Genetics, Vol. 177, 2243-2250, December 2007, Copyright © 2007
doi:10.1534/genetics.107.076869
Diversification Rates Increase With Population Size and Resource Concentration in an Unstructured Habitat
M. H. H. Stevens*,1,
M. Sanchez*,
,
J. Lee* and
S. E. Finkel
* Department of Botany, Miami University, Oxford, Ohio 45056-3653,
University of Puerto Rico, Mayaguez, Puerto Rico, 00681 and
Molecular and Computational Biology Program, Department of Biological Sciences, University of Southern California, Los Angeles, California 90089-2910
1 Corresponding author: Department of Botany, Miami University, Oxford, OH 45056.

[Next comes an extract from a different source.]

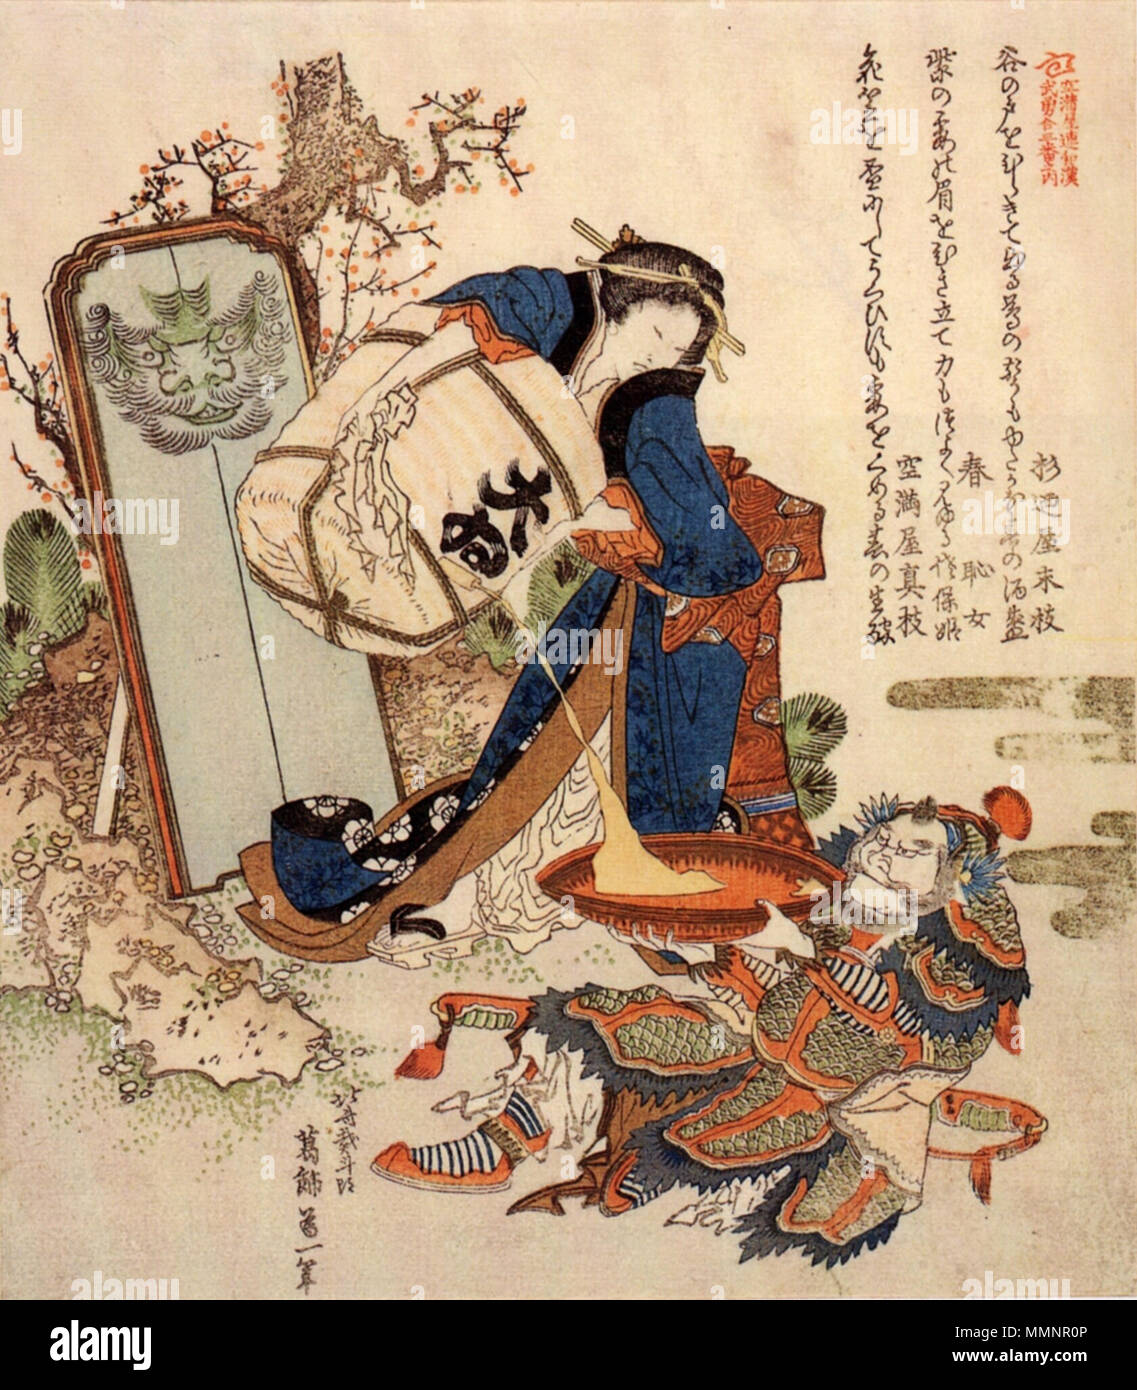 . Englisch: ein Porträt von Hokusai seiner Tochter+?? Und Lüfter Kuai. Vermutlich der Titel ist ein Wortspiel auf ihre Kunst name, Sakae. Es ist jedoch vollkommen anders als das Japanische original Titel. Das japanische Original Titel bedeutet "Kombinierte Bilder der tapfere Menschen aus Japan und China, +? iko und Ventilator Kuai". Der ursprüngliche Titel hat nicht den Charakter von Willen und ihr Name wird nicht Sakae aber Ei. Es gibt keine Tatsache, dass Hokusai rief sie Sakae. Iko (+??????? ա?) war die Japanische legendären starke Frau von "Kokon Chomonj+?". +? Iko wurde auch von anderen ukiyoe Künstler wie Utagawa K gezeichnet Stockfoto

E-mail: hstevens{at}muohio.edu
Understanding the mechanisms controlling the generation and maintenance of biodiversity provides some of the planet's greatest and most pressing challenges. Variation in resource concentration, which varies widely at multiple scales, may cause biodiversity to increase, decrease, or exhibit a unimodal response and underlying mechanisms remain obscure. We established experimental cultures of long-term stationary phase (LTSP) Escherichia coli to test whether per capita heterozygosity varies with resource concentration, and, if so, whether population sizes associated with different resource concentrations contributed to these patterns. Our results provide the clearest example to date of increasing per capita heterozygosity with increasing resource concentration. Further, our experimental manipulations of population size, independent of resource concentration, provide the first unequivocal evidence that population size is one of the underlying factors controlling per capita heterozygosity along such resource gradients. Specifically, we show that cultures with higher maximum population sizes, associated with higher resource concentrations, have higher per capita heterozygosity. These experiments provide the first experimental evidence for an underappreciated factor controlling biodiversity along resource gradients—population size. This direct evidence of population size influencing diversification rates has implications for regional and global scale patterns of biodiversity.